§ **Problem to work on**
Please reproduce exactly, and only, the lines from the one with "NIGERIA BIAFRA - 1969" through the last line of the listing below, both ends included, leaving out the pictures.

§ **Source data**
_ _ _ _ _

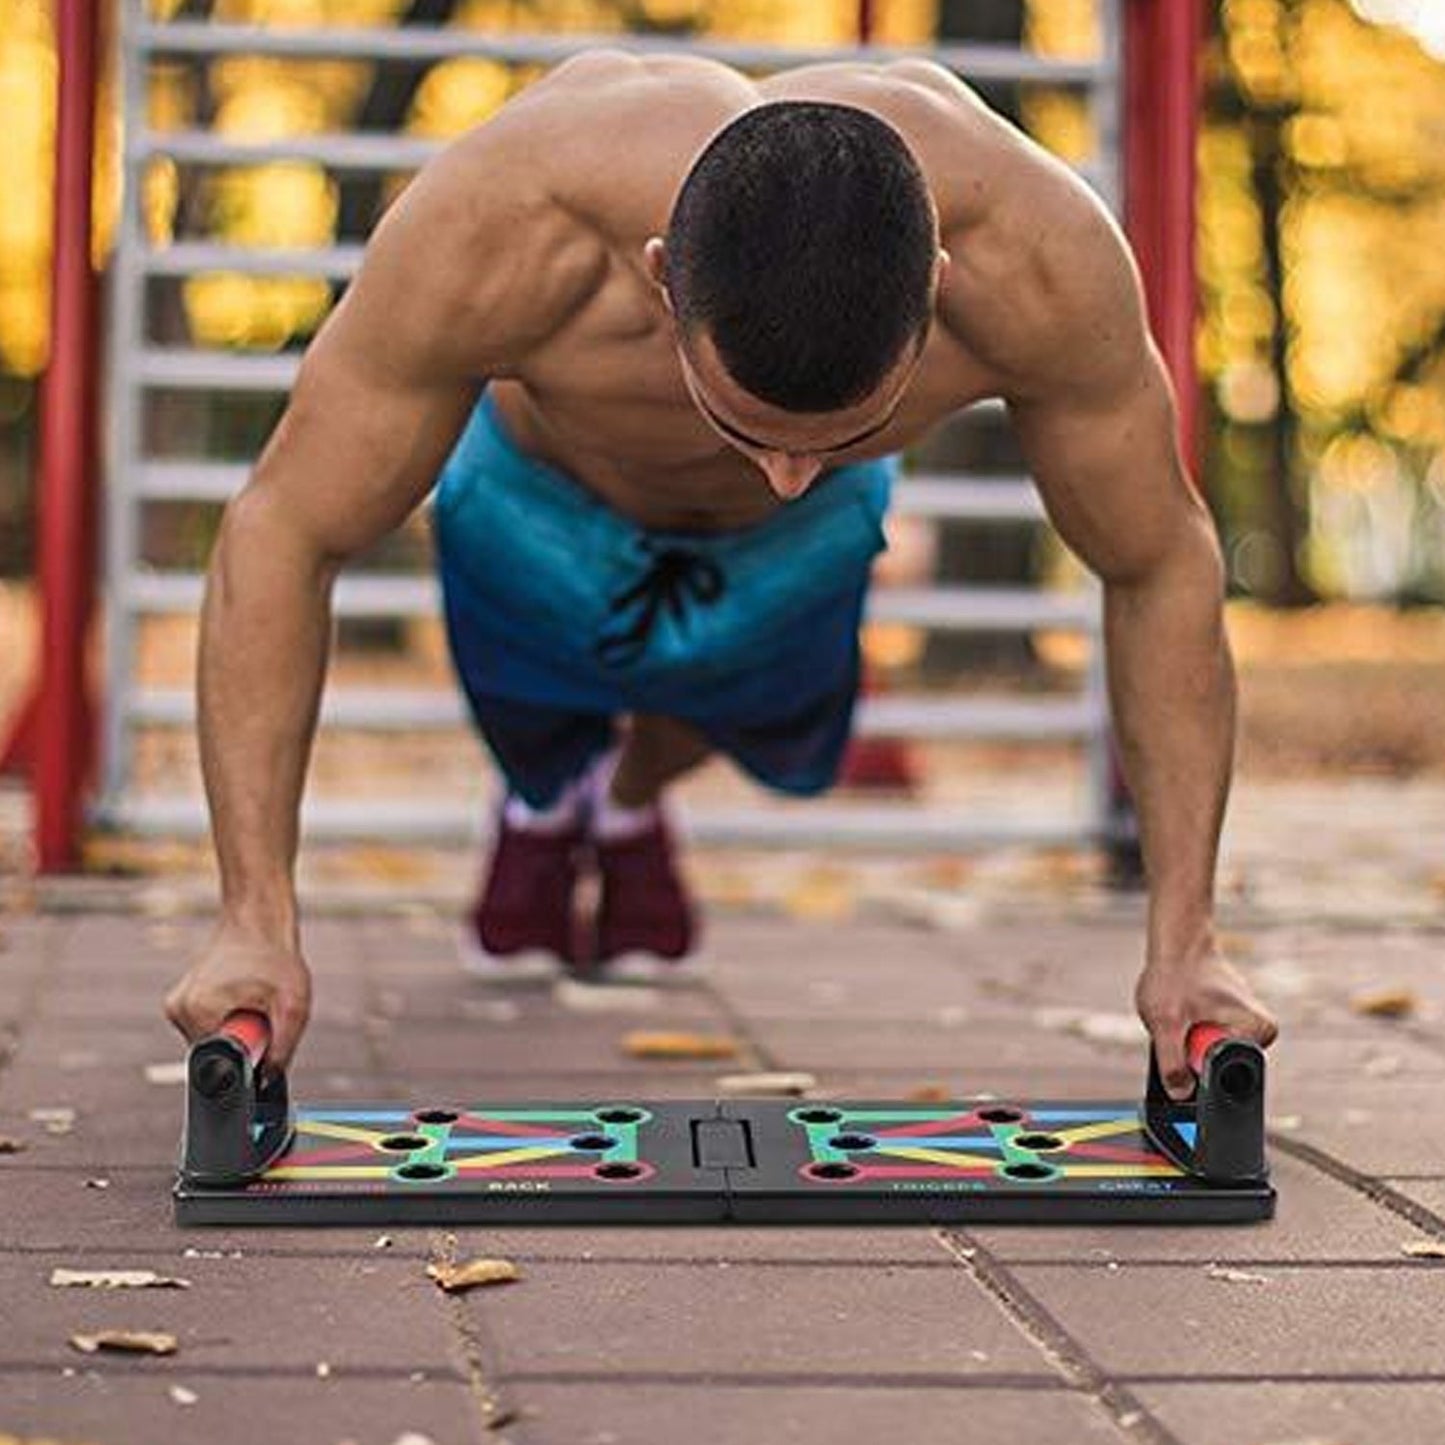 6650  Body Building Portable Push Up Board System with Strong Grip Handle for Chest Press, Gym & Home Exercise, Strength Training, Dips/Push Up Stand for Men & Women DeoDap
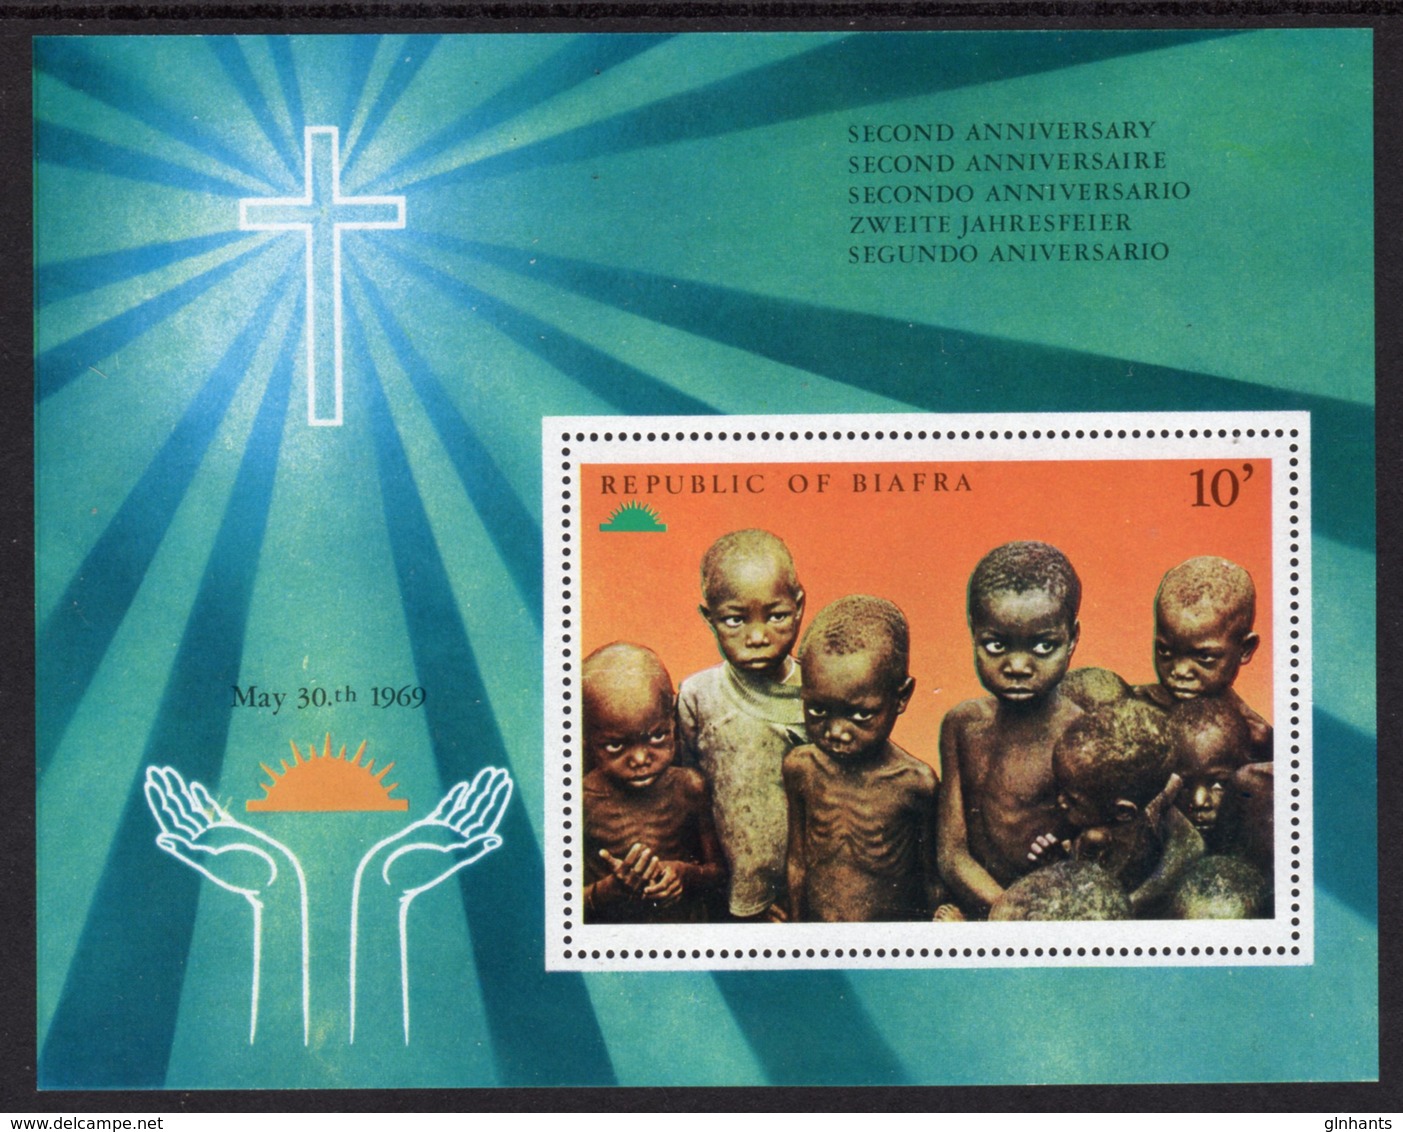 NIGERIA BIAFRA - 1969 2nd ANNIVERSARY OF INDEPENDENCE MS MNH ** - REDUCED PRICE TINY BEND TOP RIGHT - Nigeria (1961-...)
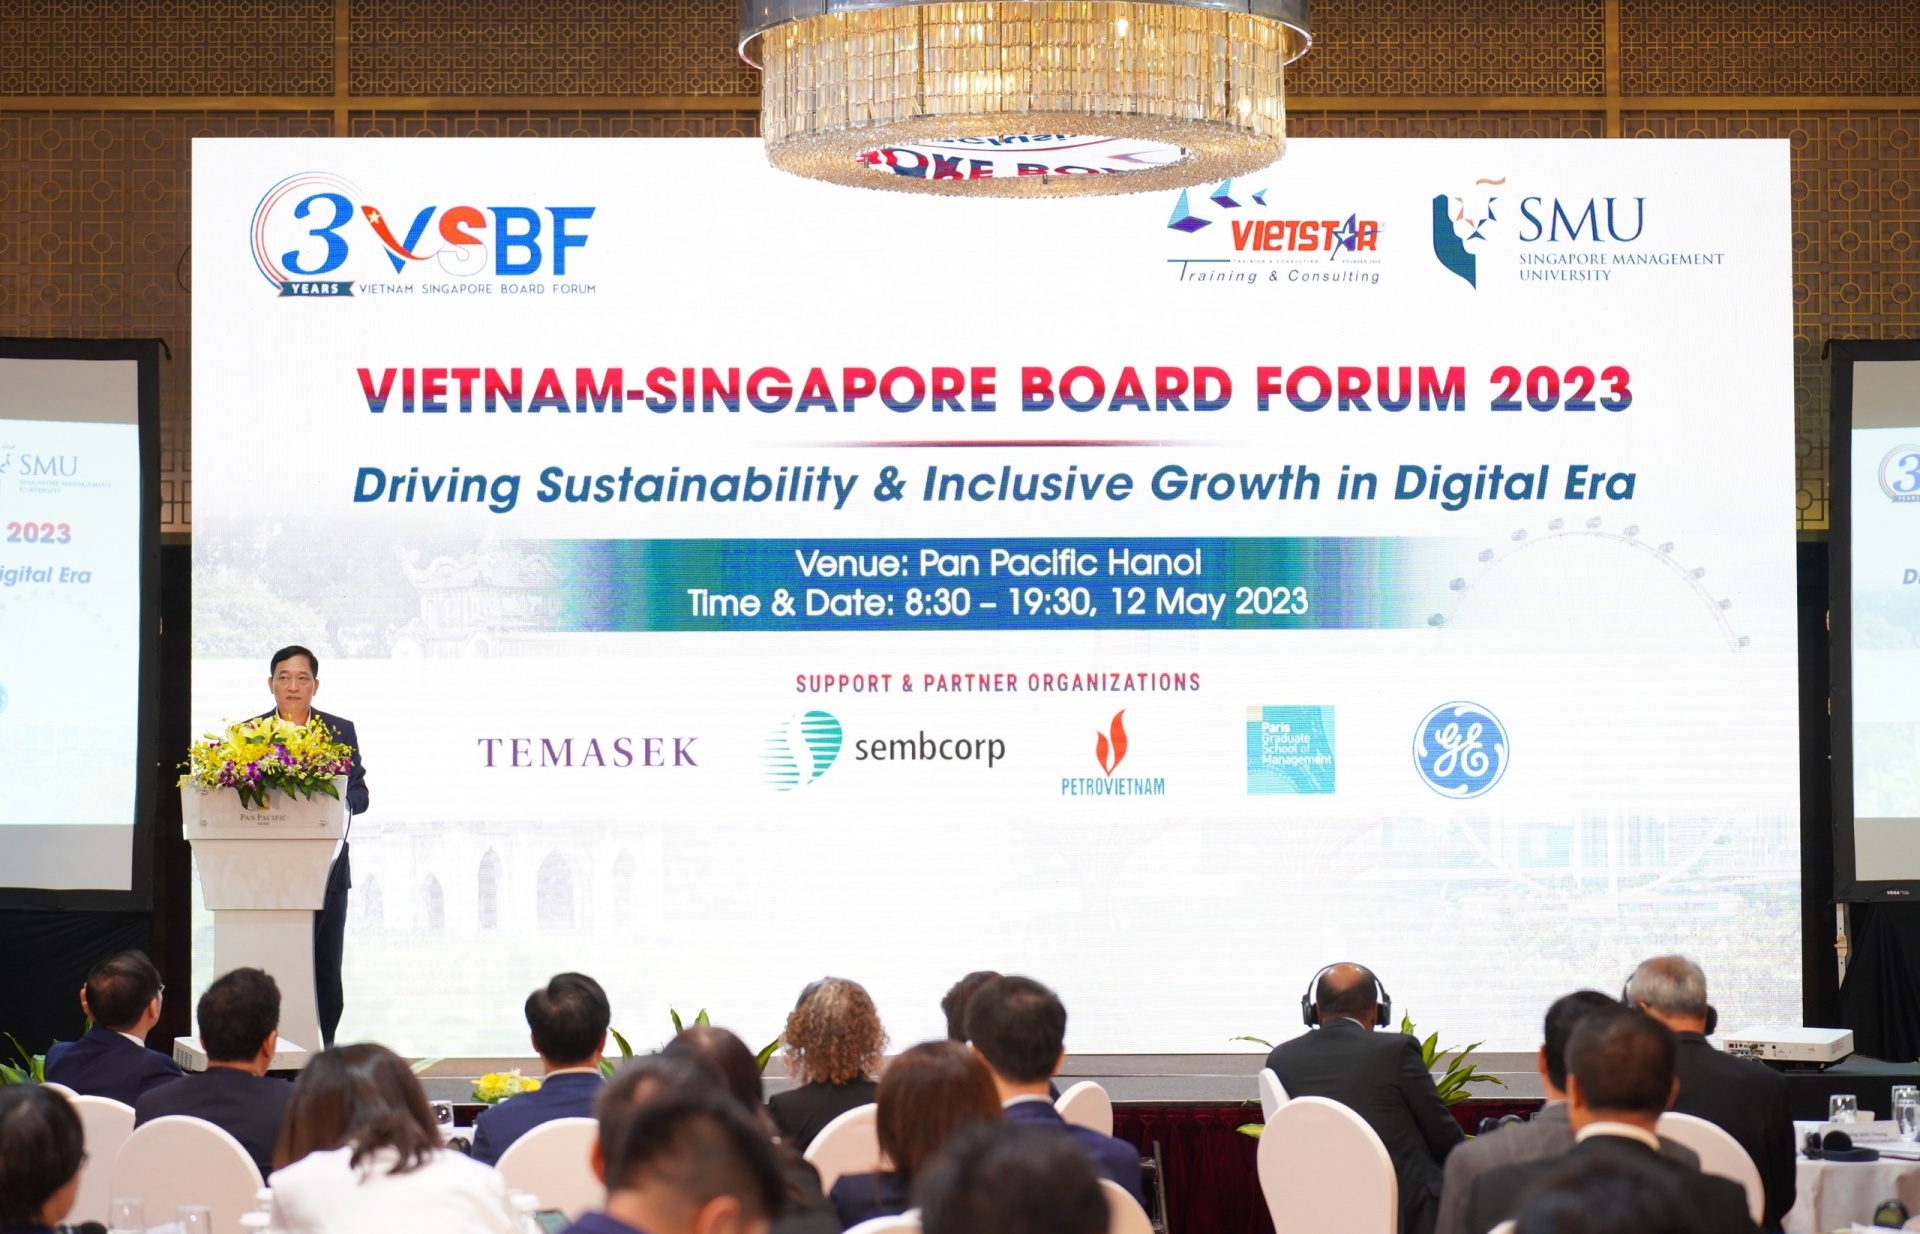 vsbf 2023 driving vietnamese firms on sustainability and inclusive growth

_ _ _ _ _

§ **Task result**
 NIGERIA BIAFRA - 1969 2nd ANNIVERSARY OF INDEPENDENCE MS MNH ** - REDUCED PRICE TINY BEND TOP RIGHT - Nigeria (1961-...)
 vsbf 2023 driving vietnamese firms on sustainability and inclusive growth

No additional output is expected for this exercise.